EXERCISE DIRECTIONS.
Of all the lines below, return only those starting with the line holding "<<Ayuda a quien mas quieres>>" and going on through the line holding "#vacuna #vᴀᴄᴜɴᴀcᴏᴠɪᴅ19 #vacunasalvacidas", exactly as written.

DATA PROVIDED.
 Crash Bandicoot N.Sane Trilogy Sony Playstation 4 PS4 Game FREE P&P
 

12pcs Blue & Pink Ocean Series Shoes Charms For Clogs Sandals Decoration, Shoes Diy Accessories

* * *

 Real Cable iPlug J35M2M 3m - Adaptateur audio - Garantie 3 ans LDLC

==

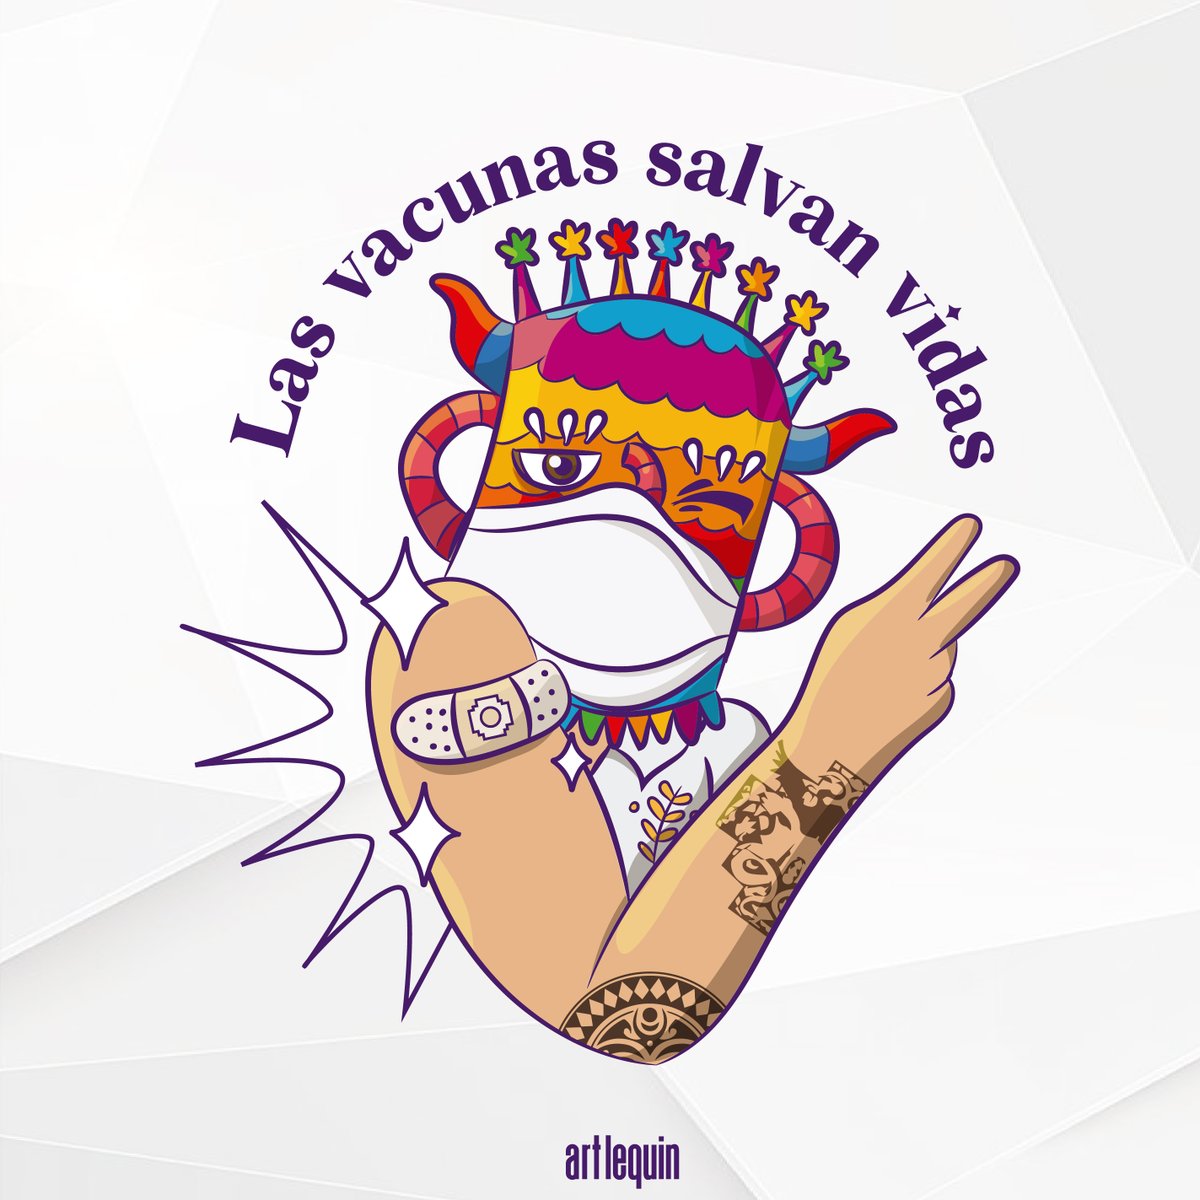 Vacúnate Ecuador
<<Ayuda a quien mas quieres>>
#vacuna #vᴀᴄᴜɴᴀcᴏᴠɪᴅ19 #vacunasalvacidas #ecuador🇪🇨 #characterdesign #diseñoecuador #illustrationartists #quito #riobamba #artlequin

ANSWER SPACE.
<<Ayuda a quien mas quieres>>
#vacuna #vᴀᴄᴜɴᴀcᴏᴠɪᴅ19 #vacunasalvacidas #ecuador🇪🇨 #characterdesign #diseñoecuador #illustrationartists #quito #riobamba #artlequin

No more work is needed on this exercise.